◆ WHAT YOU ARE ASKED TO DO: The listing is to be transcribed in full, with its images left out.

◆ DATA:
########################################

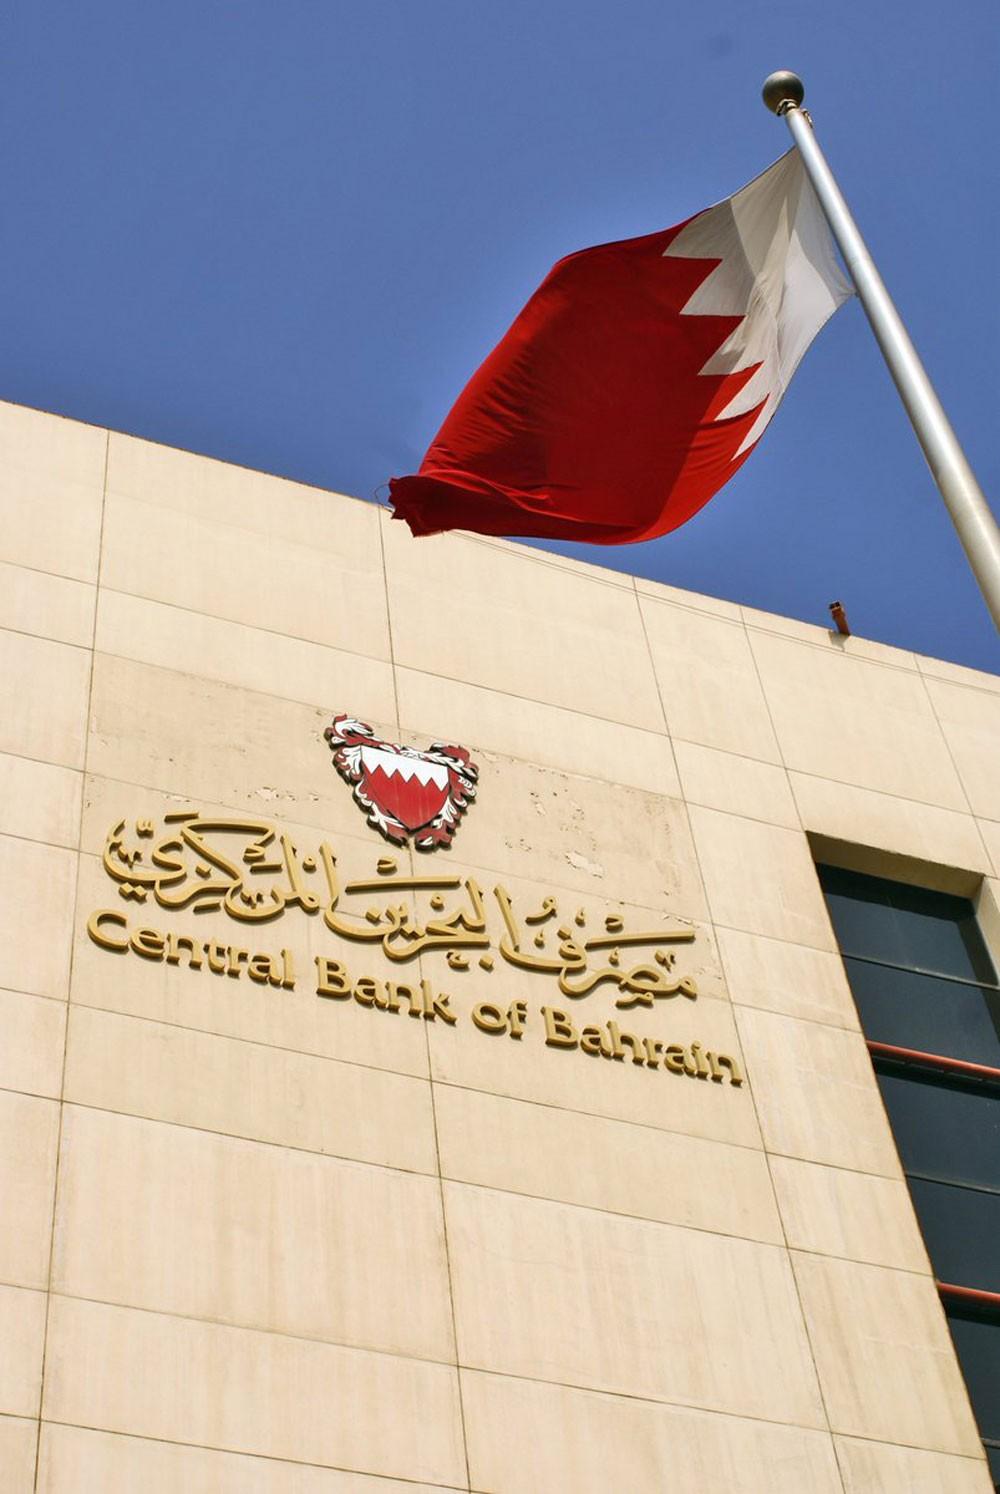 المصرف المركزي يعلن تغطية الإصدار رقم 48 من الخزانة الحكومية
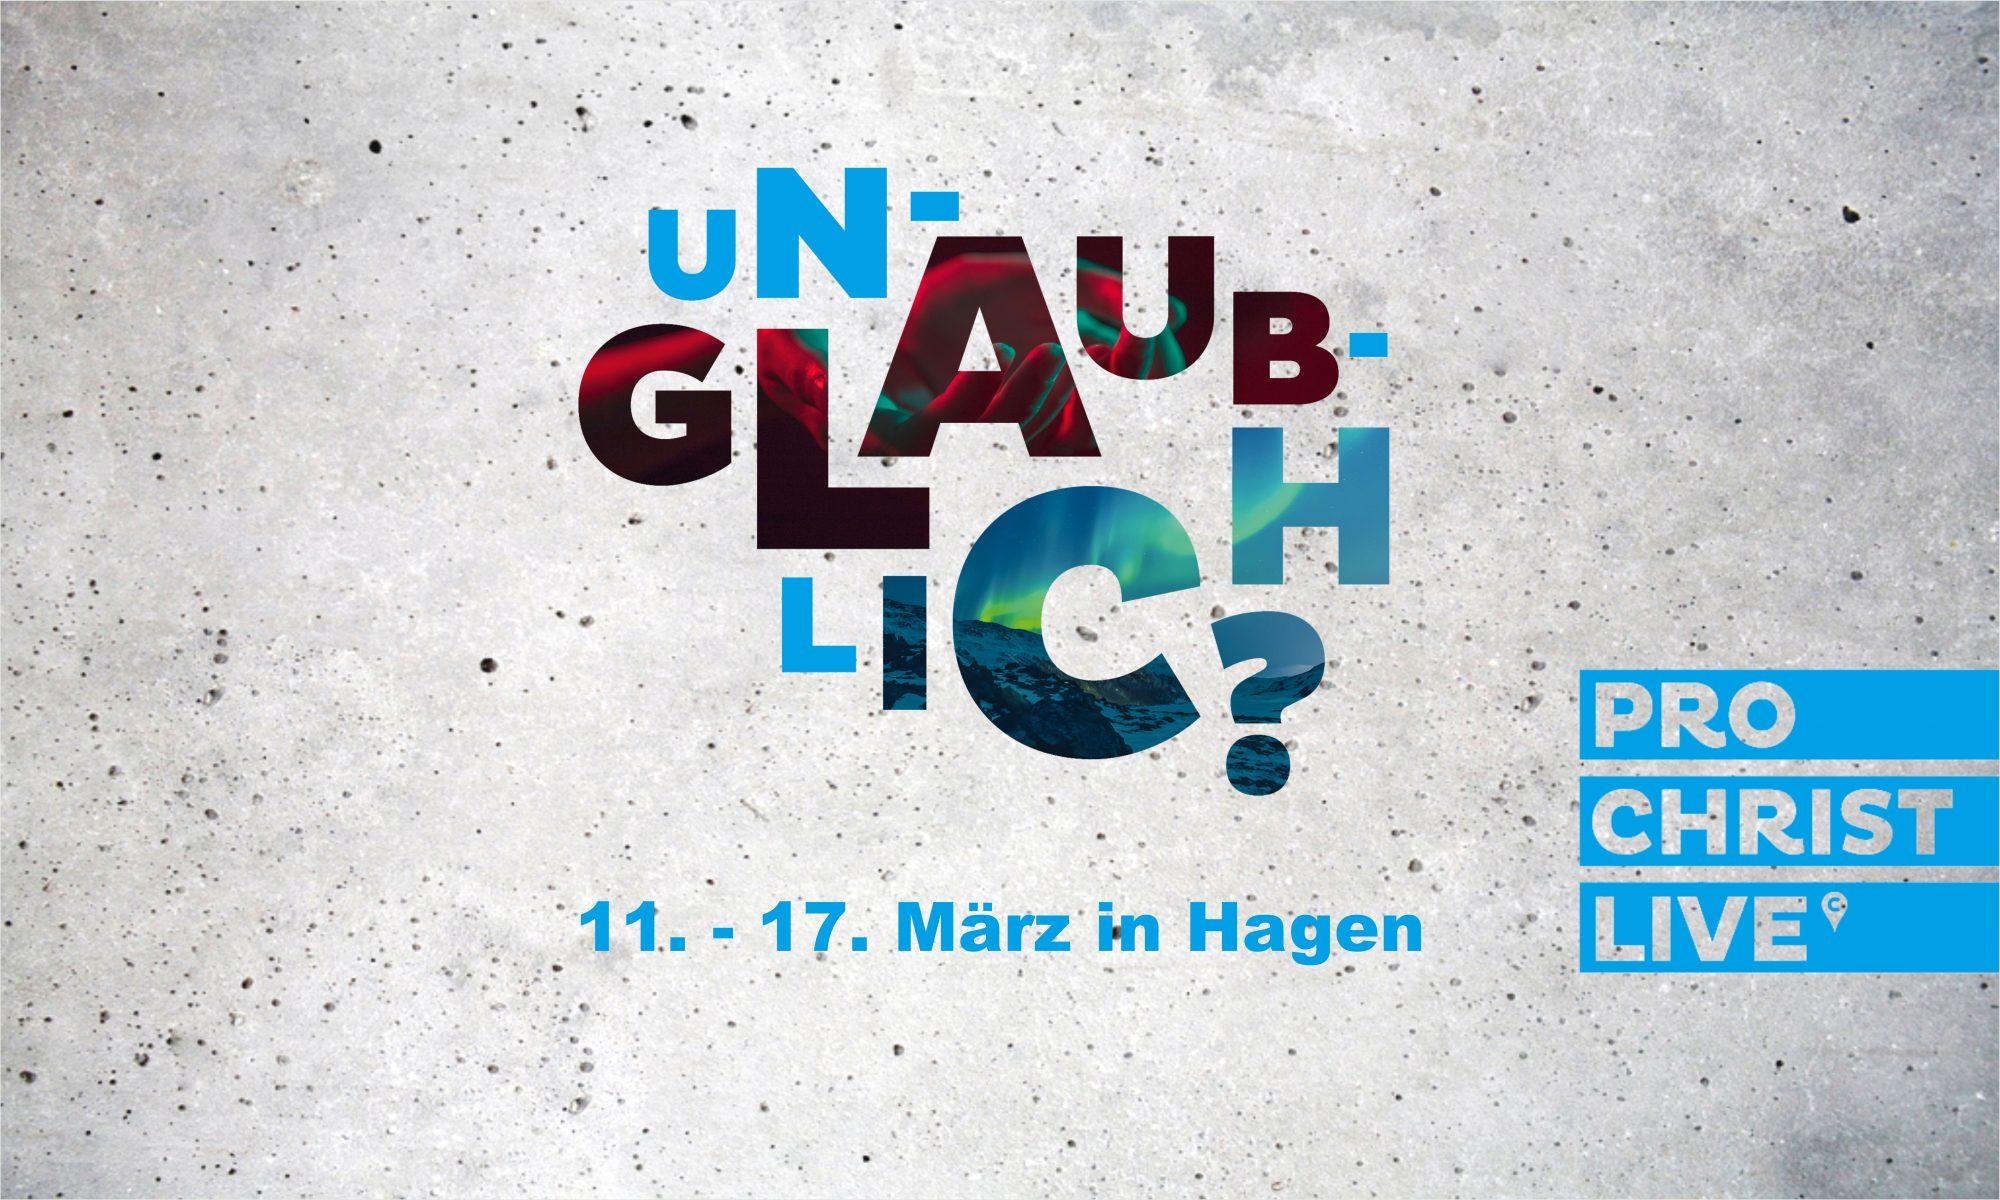 ProChrist 2018 in Hagen
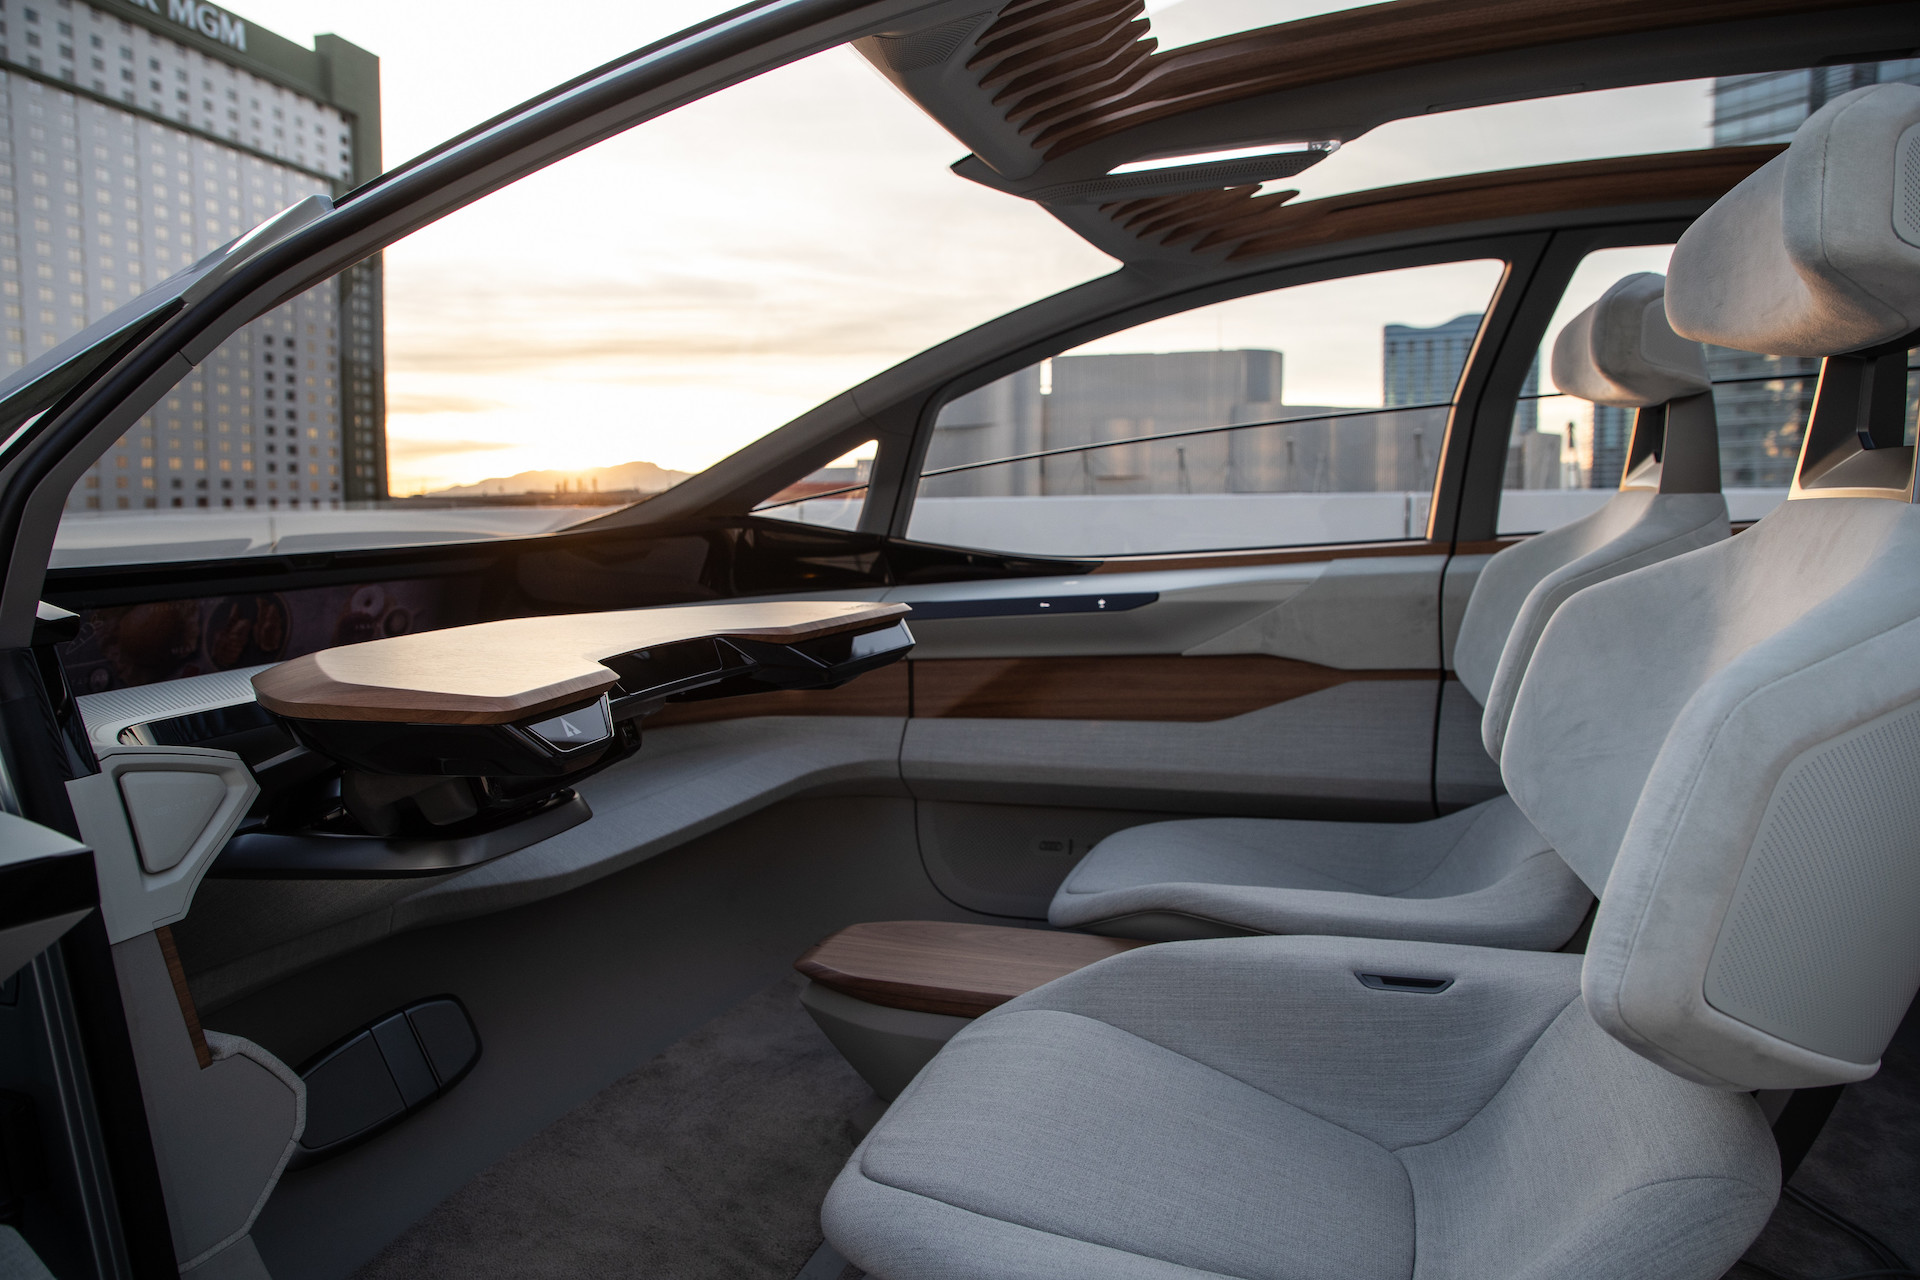 Audi auf der CES 2020: Die Neuheiten und Zukunftskonzepte in Las Vegas 3

########################################

◆ ANSWER TO THIS TASK:
 المصرف المركزي يعلن تغطية الإصدار رقم 48 من الخزانة الحكومية
 ProChrist 2018 in Hagen
 Audi auf der CES 2020: Die Neuheiten und Zukunftskonzepte in Las Vegas 3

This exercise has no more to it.